I've spent years working on video conferencing platforms, and nothing frustrates me more than watching developers treat WebRTC like black magic. It's not. It's just poorly explained.
Let me fix that.
The Mental Model You Actually Need
WebRTC lets browsers talk directly to each other—video, audio, and arbitrary data—without routing everything through your server. That last part is crucial. Your server is still involved, but only for coordination, not for the actual media streams.
Think of it like introducing two people at a party:
- You (the server) help them find each other
- You facilitate the initial handshake
- Then you step away and let them have a conversation
That "stepping away" is what makes WebRTC special. Your server bandwidth doesn't scale with video resolution or participant count. The browsers handle it peer-to-peer.
The Core APIs (There Are Really Just Three)
Everything in WebRTC revolves around these three pieces:
// 1. RTCPeerConnection - The actual connection
const peerConnection = new RTCPeerConnection(config);
// 2. MediaStream - Video/audio from camera or screen
const stream = await navigator.mediaDevices.getUserMedia({
video: true,
audio: true
});
// 3. RTCDataChannel - Arbitrary data (games, files, whatever)
const dataChannel = peerConnection.createDataChannel("chat");That's it. Everything else is just configuration and event handling.
The Signaling Dance (Where Everyone Gets Confused)
Here's where WebRTC articles usually lose people. The connection setup requires exchanging "offers" and "answers" between peers, plus ICE candidates. Everyone overcomplicates this.
Here's the flow, simplified:
// PEER A (the caller)
async function callPeer() {
const pc = new RTCPeerConnection(iceServers);
// Add your local stream
const stream = await navigator.mediaDevices.getUserMedia({ video: true, audio: true });
stream.getTracks().forEach(track => pc.addTrack(track, stream));
// Create offer and set it locally
const offer = await pc.createOffer();
await pc.setLocalDescription(offer);
// Send this offer to Peer B via your signaling server
signalingServer.send({ type: 'offer', sdp: offer.sdp });
// Listen for ICE candidates and send them too
pc.onicecandidate = (event) => {
if (event.candidate) {
signalingServer.send({ type: 'ice', candidate: event.candidate });
}
};
// When you receive the answer, set it
signalingServer.onmessage = async (msg) => {
if (msg.type === 'answer') {
await pc.setRemoteDescription({ type: 'answer', sdp: msg.sdp });
}
if (msg.type === 'ice') {
await pc.addIceCandidate(msg.candidate);
}
};
// When remote stream arrives
pc.ontrack = (event) => {
remoteVideo.srcObject = event.streams[0];
};
}// PEER B (receiving the call)
async function answerCall(offer) {
const pc = new RTCPeerConnection(iceServers);
// Add your local stream
const stream = await navigator.mediaDevices.getUserMedia({ video: true, audio: true });
stream.getTracks().forEach(track => pc.addTrack(track, stream));
// Set the received offer
await pc.setRemoteDescription({ type: 'offer', sdp: offer.sdp });
// Create and send answer
const answer = await pc.createAnswer();
await pc.setLocalDescription(answer);
signalingServer.send({ type: 'answer', sdp: answer.sdp });
// Same ICE handling as Peer A
pc.onicecandidate = (event) => {
if (event.candidate) {
signalingServer.send({ type: 'ice', candidate: event.candidate });
}
};
pc.ontrack = (event) => {
remoteVideo.srcObject = event.streams[0];
};
}The signaling server can be anything—WebSocket, Firebase, even HTTP polling if you hate yourself.

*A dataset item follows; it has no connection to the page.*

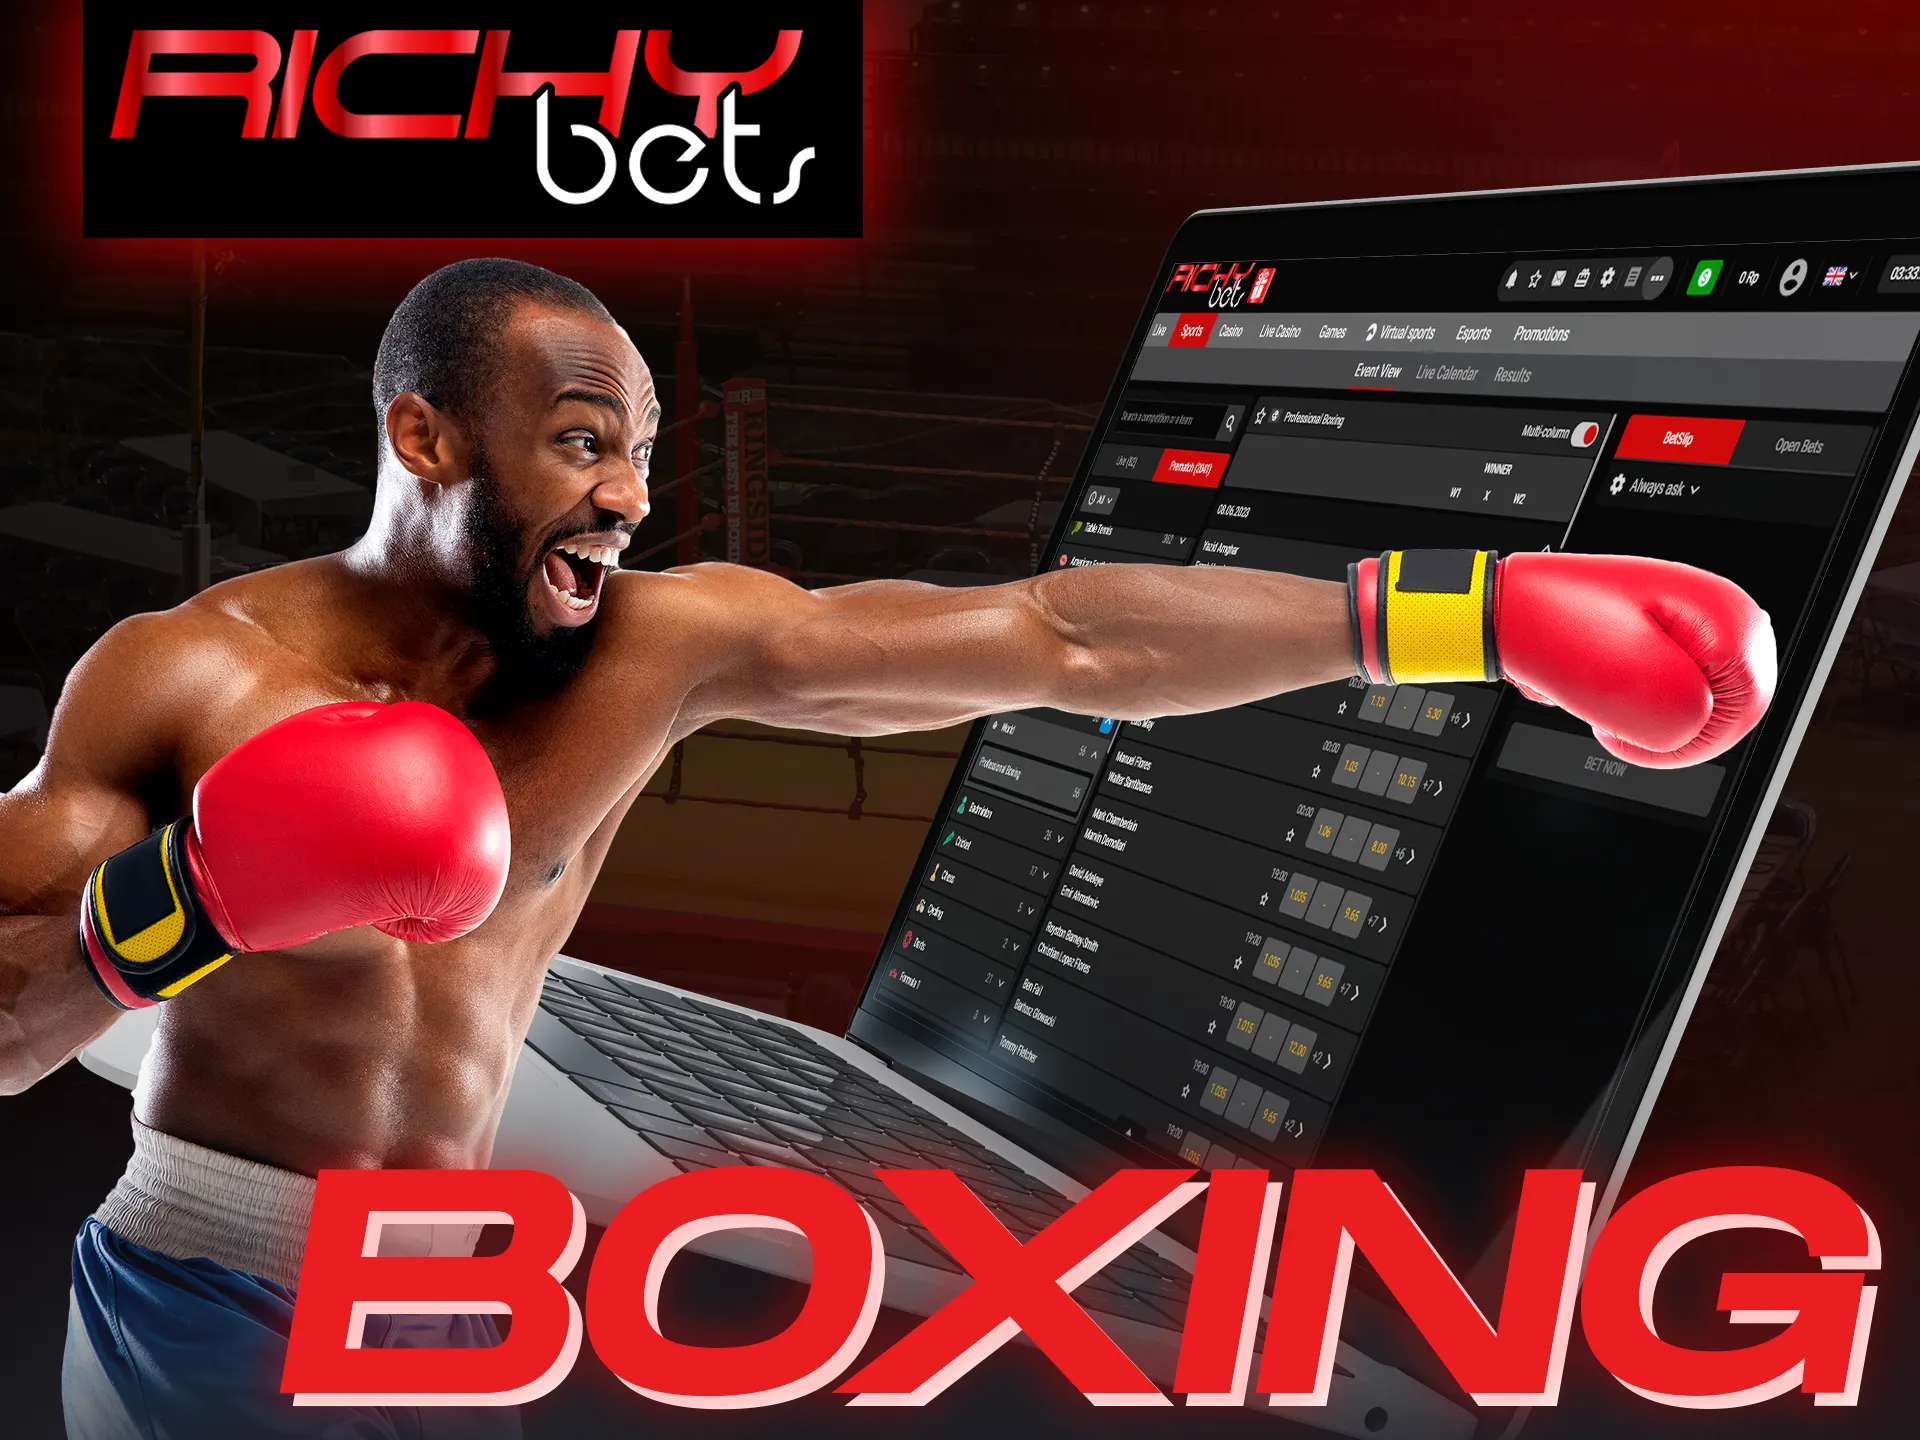 Bet on your favorite boxing fighter at the Richybets.

It just needs to pass messages between the two peers.
ICE Candidates: The NAT Busting Magic
Most people are behind routers with NAT (Network Address Translation). Your browser doesn't know its public IP address. ICE servers help browsers discover how to reach each other.
Two types:
const config = {
iceServers: [
// STUN - Helps discover your public IP (free, Google provides these)

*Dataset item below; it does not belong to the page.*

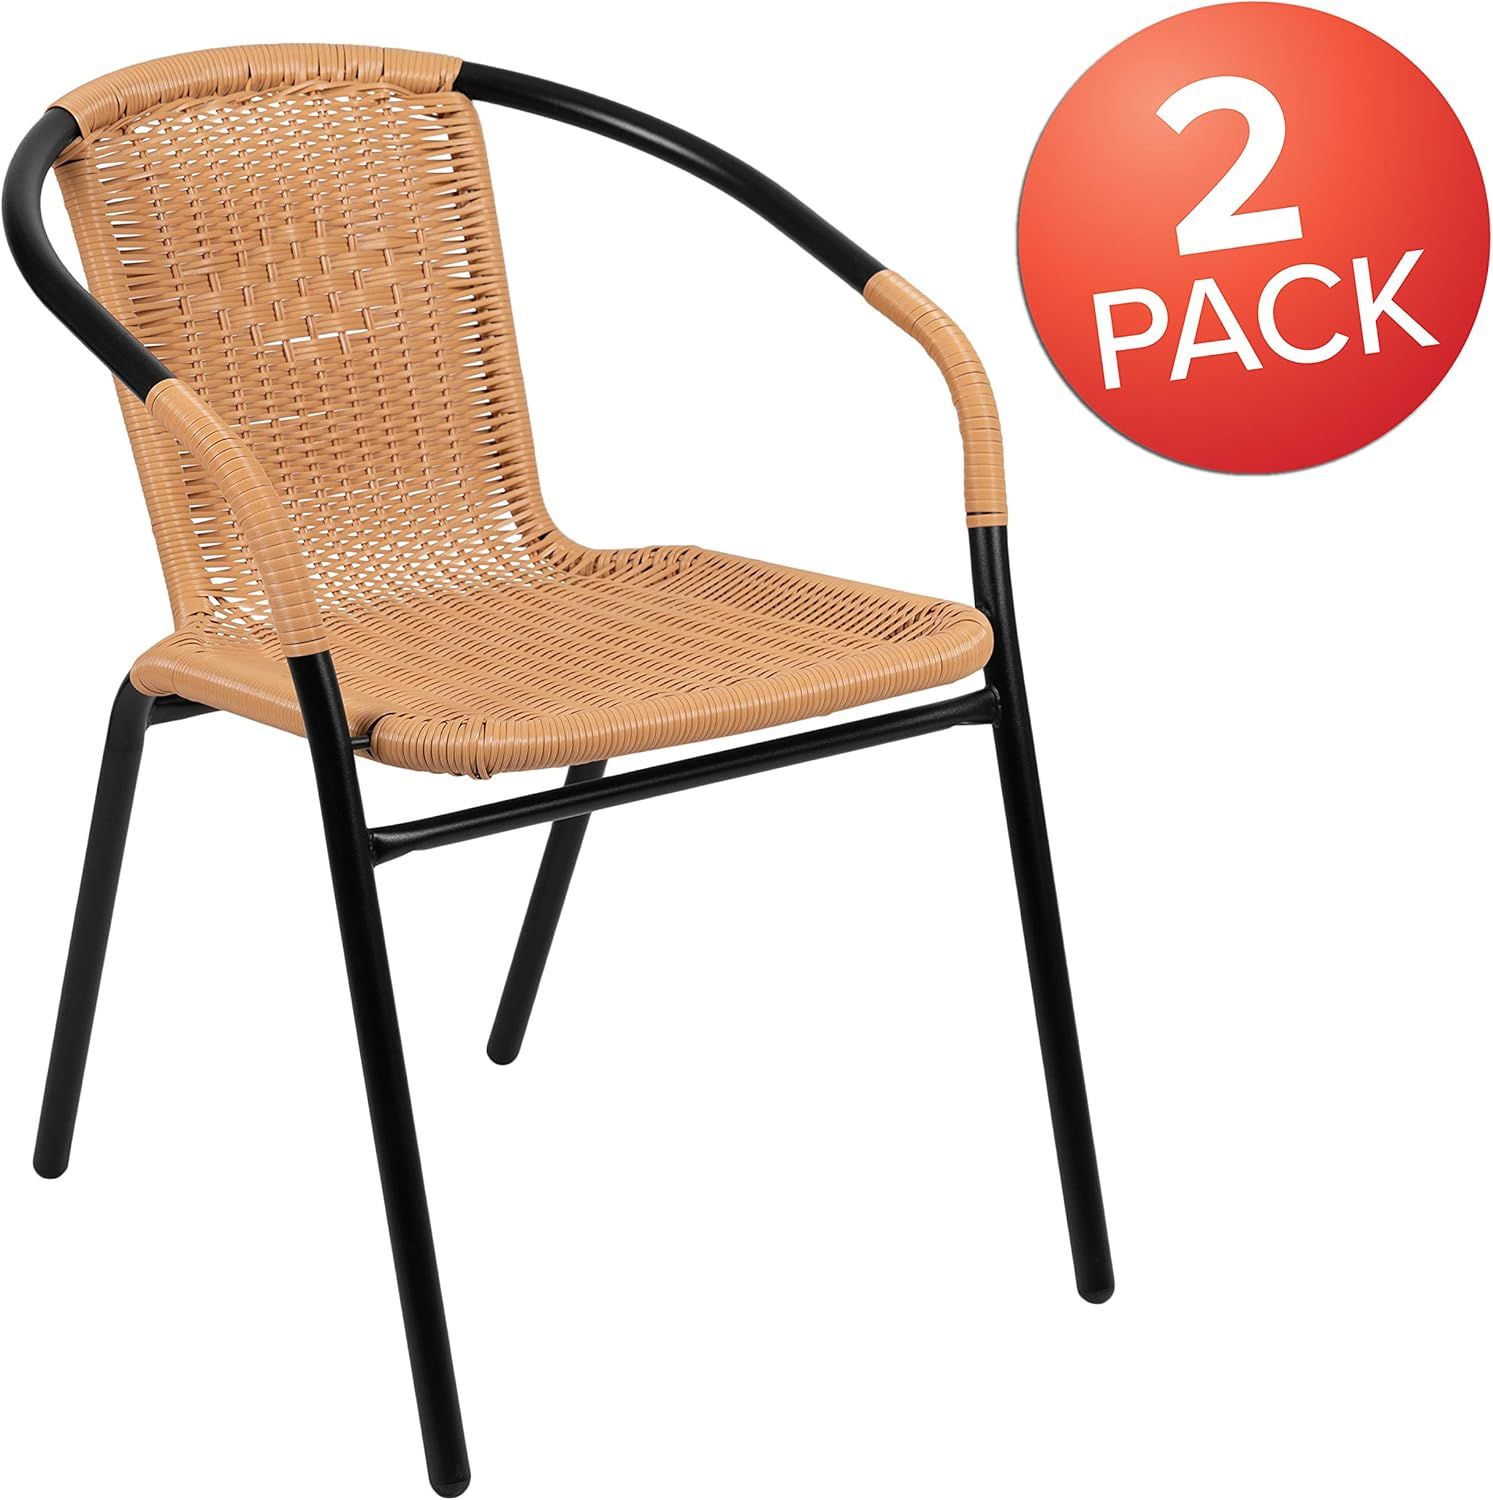 EMMA + OLIVER 2 Pack Beige Rattan Indoor-Outdoor Restaurant Stack Chair with Curved Back | Amazon (US)

{ urls: 'stun:stun.l.google.com:19302' },
// TURN - Relay server when direct connection fails (you usually pay for these)
{
urls: 'turn:your-turn-server.com:3478',
username: 'user',
credential: 'pass'
}
]
};STUN is free because it just tells you your public IP. Google runs free STUN servers.
TURN costs money because it relays your actual video/audio when peer-to-peer fails (strict corporate firewalls, symmetric NAT, etc.). About 10-15% of connections need TURN fallback.
If you're building something serious, budget for a TURN server. Twilio, Metered, or roll your own with coturn.
DataChannels: The Hidden Gem
Everyone focuses on video chat, but RTCDataChannel is arguably more interesting. It gives you a low-latency, bidirectional pipe between browsers with optional reliability.
// Create a data channel (caller side)
const channel = peerConnection.createDataChannel("game", {
ordered: false, // Don't wait for packet ordering (faster)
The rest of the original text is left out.